The second count of the indictment charges in substance that Frank H. Kearns on or about a certain date, did corruptly obstruct and impede the due administration of justice, by requesting and inducing the Court to nolle prosequi the indictment against Murray Golib and Louis Nash because of insufficient evidence, knowing the same to be untrue.

The Court has no authority to enter a nolle prosequi in any cause; it can only be entered by the prosecuting attorney with the approval of the Court, on good cause shown. This count merely refers to Frank H. Kearns and omits entirely any averment to his official capacity as prosecuting attorney. Surely this is an essential element in this count, if one is to rely on the nolle prosequi entered as obstructing justice.

It is said by counsel for the state, since the offenses named in the two counts are not of the same class, they must have been connected together in their commission, else they would not have been included in the same indictment.

It is true, that if not of the same class, the two offenses ought not to be included in the same indictment, unless they are connected together in their commission. In fact, if so included, the indictment should show on its face that the offenses named in the two counts thereof, are connected together in their commission. 42 C. J. S., Indictments, Sec. 180, p. 1141.

Counsel for the state assert that since the capacity of the accused as prosecuting attorney is set forth in the first count, it is not necessary to repeat it in the second count of the indictment. This simply is not the law concerning the essential averments in the different counts of an indictment.

“Where there are several counts in an indictment, each count apparently charges a complete offense. The counts are, not interdependent, but each must necessarily be complete in itself.” 21 O. Jur., Indictment, Sec. 96, p. 795; Browning v. State, 120 Oh St 62.

“Each count is, in legal contemplation, a separate indictment and must contain all the averments necessary to constitute the offense sought to be charged in such count, * * *.” 27 Am.
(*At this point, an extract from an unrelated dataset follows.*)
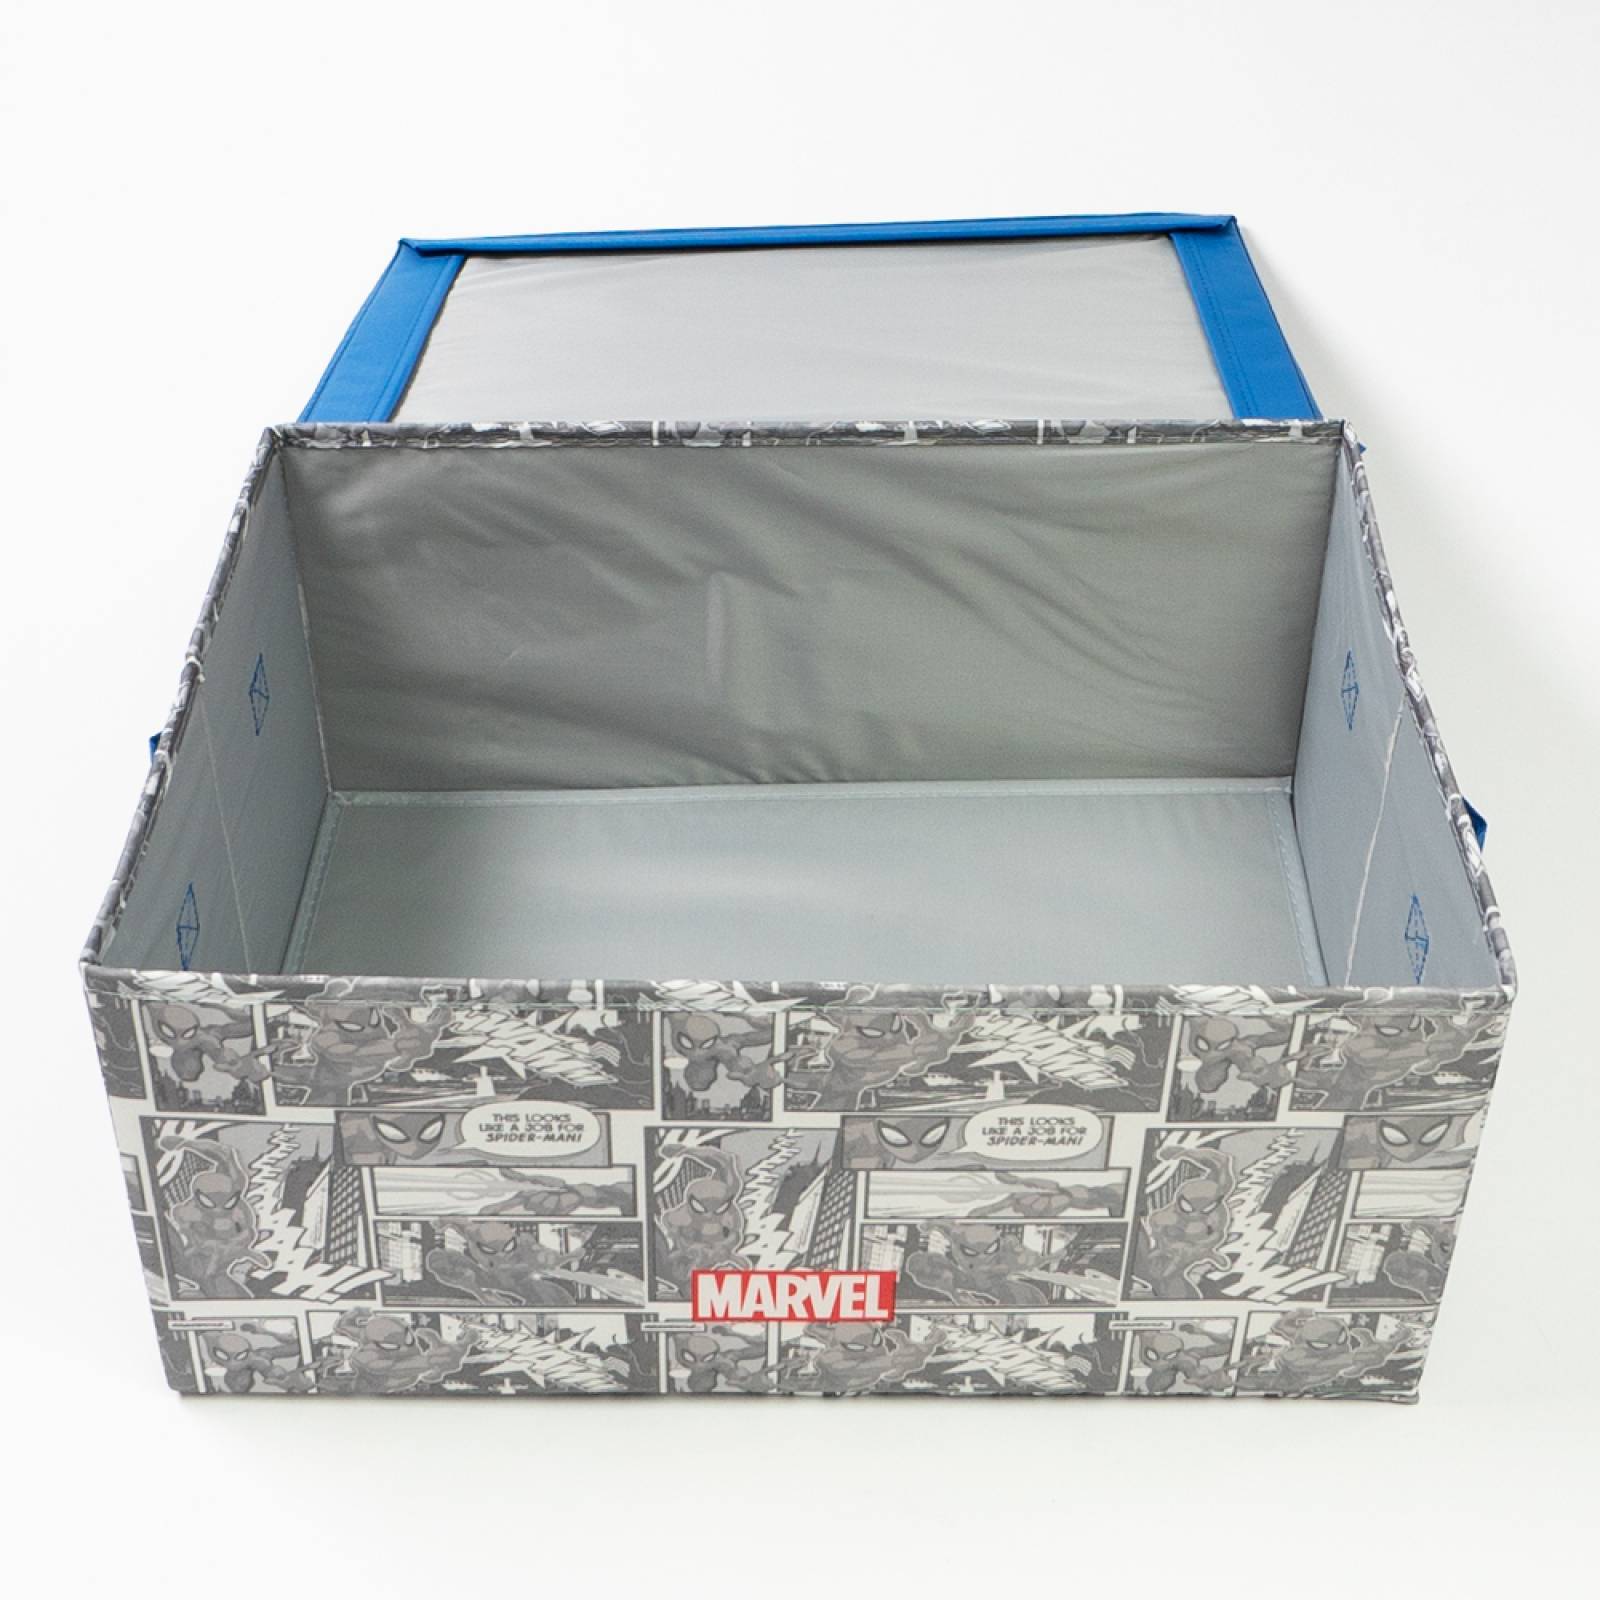 Miniso Caja De Almacenamiento Con Tapa Marvel Spiderman Diseño Tipo Cómic Tela 42x30 cm
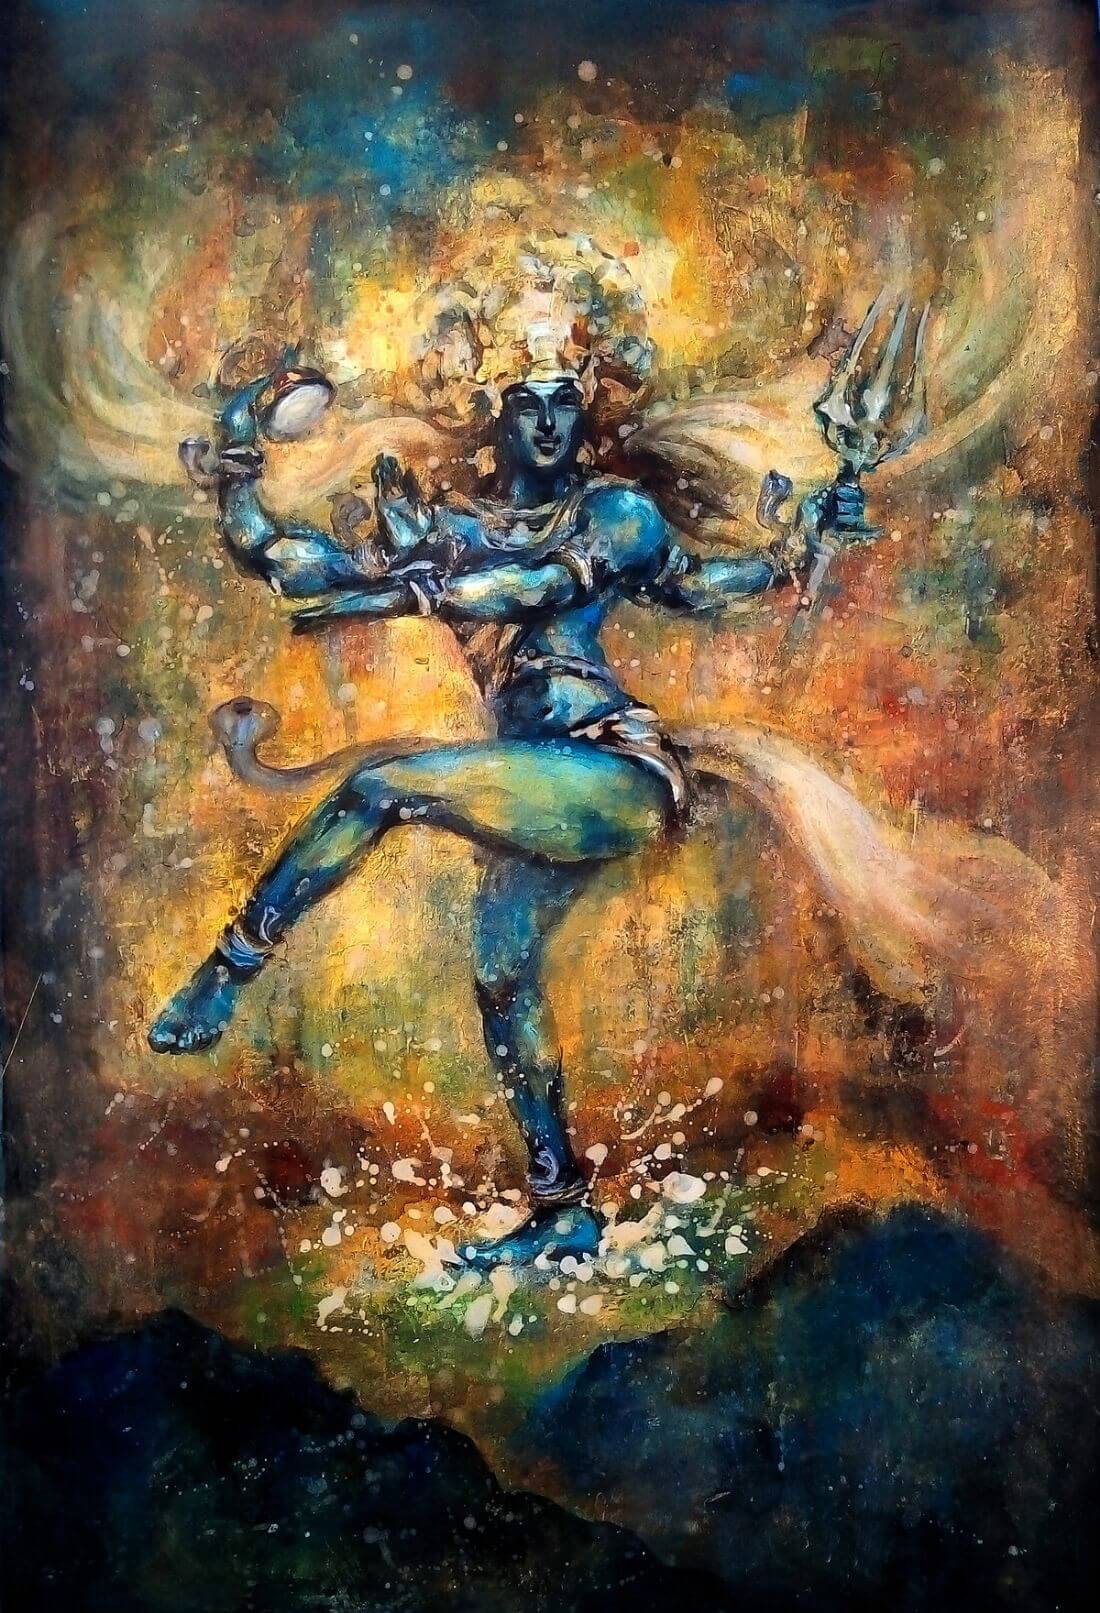 Ritwikas Digital Reprint Shiva Abstract Art Painting MatteTextured -Lord  Shiva : Amazon.com.au: Home

Jur., Indictments, Sec. 129, p. 687.

The constitutional right of the accused to be advised of the nature and cause of the accusation he is expected to meet, is not dependent upon surmise nor subject to the frailities of pleading that may be found in an indictment.

The demurrer of the defendant to the second count of the indictment is, therefore, sustained.